P. VAS. ¿Existe una historia global y otra local? Es decir, ¿hay historias subordinadas a otras? ¿Historias principales y secundarias ¿Historias barriales e historias de imperios?

O. Bayer.: Necesariamente, la política económica de los gobiernos van modificando la escenografía de todo el país. La investigación científica sobre hechos particulares en la historia sirve para entender como se estructuran las relaciones de poder en  una sociedad. Es por eso muy importante, tratar de rescatar la historia de cada barrio o comunidad. Hay barrios que mantienen desde sus orígenes el mismo tipo de clase social. Otros han ido sufriendo transformaciones a lo largo de la historia: como es el caso de los barrios de La Boca y San Telmo, donde las condiciones de vida de los obreros y sus familias en los conventillos, caracterizadas por el hacinamiento y la falta de higiene, se revierten a partir de las luchas obreras. Mi infancia la pasé en el barrio de Belgrano C, que era un barrio preferentemente de alemanes. Le podría contar muchas cosas de este barrio con respecto a esas transformaciones… por ejemplo, que a una cuadra y media de aquí había un campo de la juventud hitlerista. Hoy, ¡vaya paradoja!, funciona en el lugar la principal sinagoga del barrio; cosa que seguramente ellos ignoran… A dos cuadras de acá estaba el Club Alemán, donde  solían conmemorar los cumpleaños del führer. Mi padre detestaba eso porque era socialista y un acérrimo defensor de la libertad. Sufrió mucho cuando en Alemania después de la primera guerra mundial, las agrupaciones de derecha del ejército arrasaron con los Consejos Obreros Campesinos; porque los habían formado los anarquistas y fueron el ejemplo más hermoso que tiene la historia de cómo se puede ejercer el socialismo libertario. Allí todo se resolvía en asambleas, sin autoridades.
P. VAS. ¿Se tradujo esa experiencia  en  el movimiento obrero de nuestro país?

O. Bayer.: La primera gran corriente del movimiento obrero fue la anarquista, que en 1887 forman el gremio de los panaderos. Y  en 1890 los socialistas alemanes del club Vorwërts convocan al primer acto del 1º de Mayo en el país, en homenaje a los “mártires de Chicago” que eran anarquistas. Había mucha solidaridad en el movimiento obrero, y a ese primer acto concurren obreros de distintas nacionalidades, y cada uno hablará en su idioma. En mayo de 1904, asisten 70 mil obreros anarquistas al acto del 1° de mayo, una cifra numerosa si tenemos en cuenta que la población de Buenos Aires era de 800 mil habitantes. En esa oportunidad, la represión ordenada por Roca cobra el primer mártir del movimiento obrero: el marinero Juan Ocampo de 18 años. Que fue velado en el local del diario anarquista La Protesta, hasta que entró la policía y se llevó el cadáver. El movimiento anarquista tenía una claridad asombrosa, en enero de 1922 el diario La Protesta compara los fusilamientos del ejército argentino en la Patagonia, con el exterminio indígena: “lo mismo se hizo con los indios durante aquella carnicería que se dio en llamar La Conquista del Desierto”. Paradójicamente, la revista El Soldado Argentino editada por el Estado Mayor se refería a los peones rurales santacruceños que hacían la huelga, de la siguiente manera: “el paria sin familia, sin hogar, sin religión, y sin patria, surge asesino y devastador como antes fuera el indio, útil para incendiar campos y asaltar estancias”. Es decir, los obreros comparan los fusilamientos de obreros con la matanza de indios, y el ejército compara a los obreros en huelga con los indios. Creo que esto lo dice todo…

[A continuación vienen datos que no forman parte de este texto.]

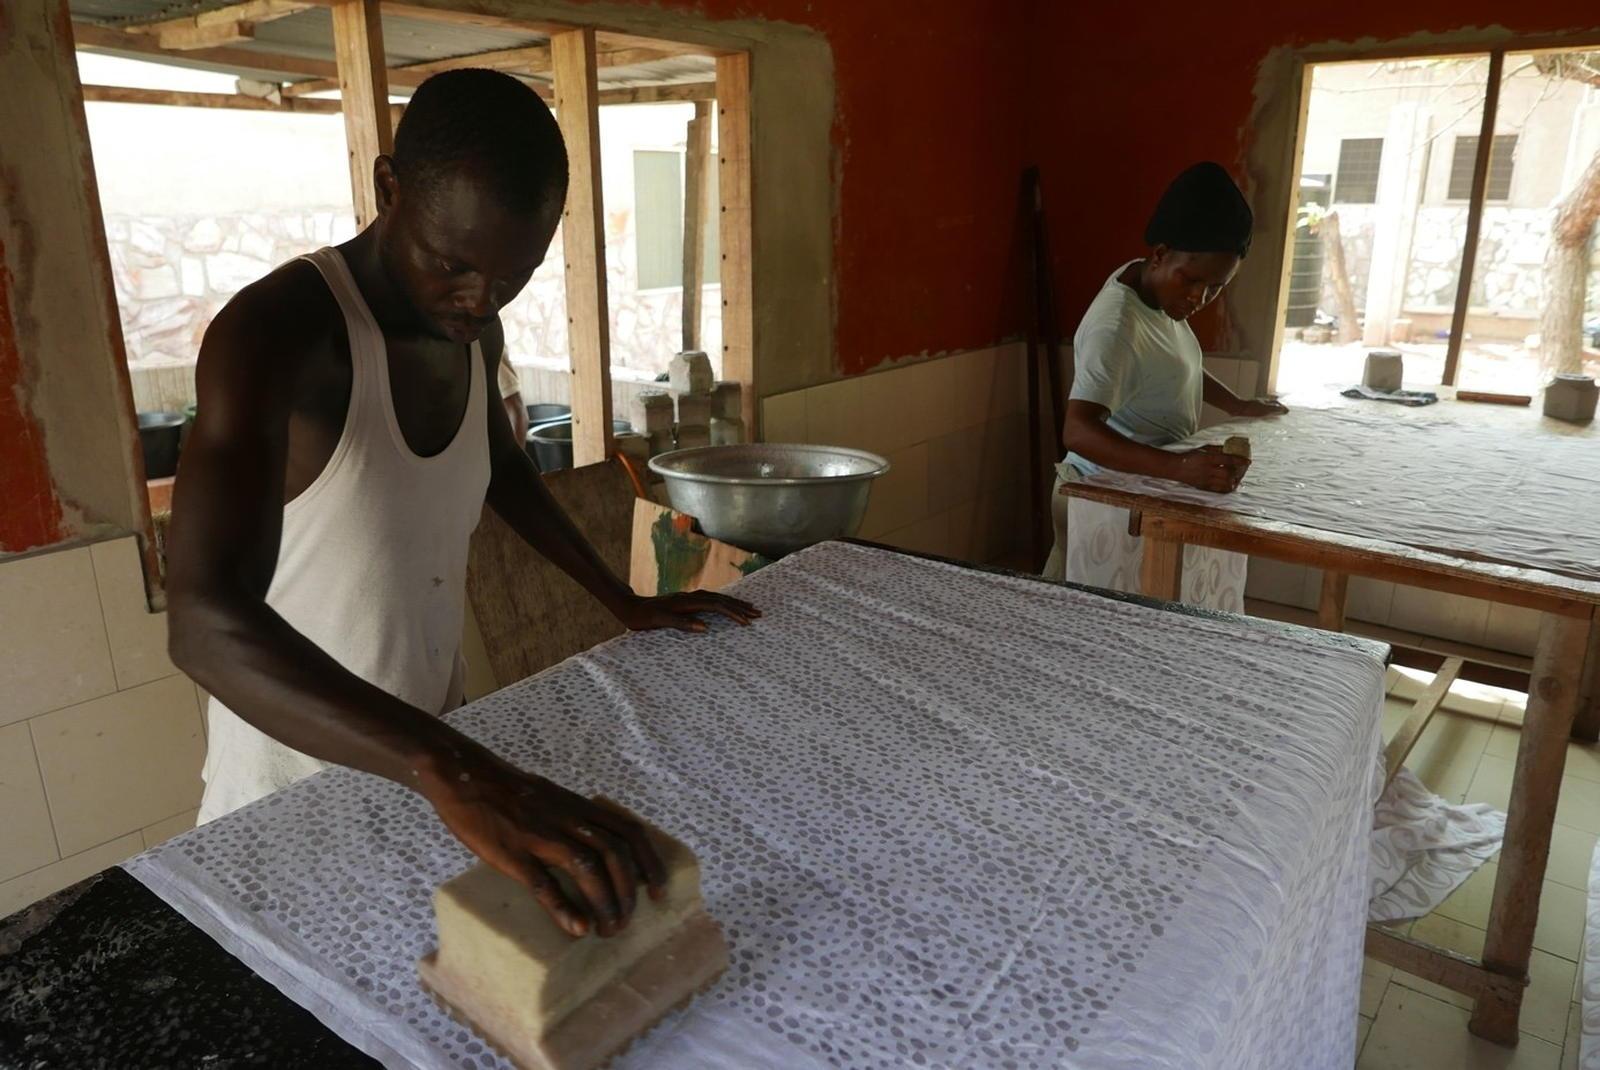 Voyage dans les coulisses de fabrication d'une basket Panafrica - Travail du Batik dans l'atelier d'Esther au Ghana

P. Vas.: Usted inició una campaña para que se retire el  monumento a Roca…
O. Bayer: Es una falta de ética que un genocida como Roca, que comandó las tropas para exterminar al indio del Sur tenga un monumento. Sobre todo ahora, que se ha comprobado científicamente que el 56% de los argentinos tenemos sangre indígena. Hace dos años formamos la organización Awka Liwen (Rebelde Amanecer) y estamos pidiendo a la Legislatura que quite ese monumento y sea trasladado a la estancia La Larga de cincuenta mil hectáreas ubicada en Guaminí, que recibió Roca como premio del gobierno argentino.  Allá están sus bisnietos, que realmente tienen que agradecerle a Roca que les haya dejado esas tierras. Y pedimos que se erija en este lugar un monumento a la mujer aborigen y a la mujer inmigrante, como resarcimiento moral a los pueblos originarios y a los primeros obreros que reclamaron las ocho horas de trabajo.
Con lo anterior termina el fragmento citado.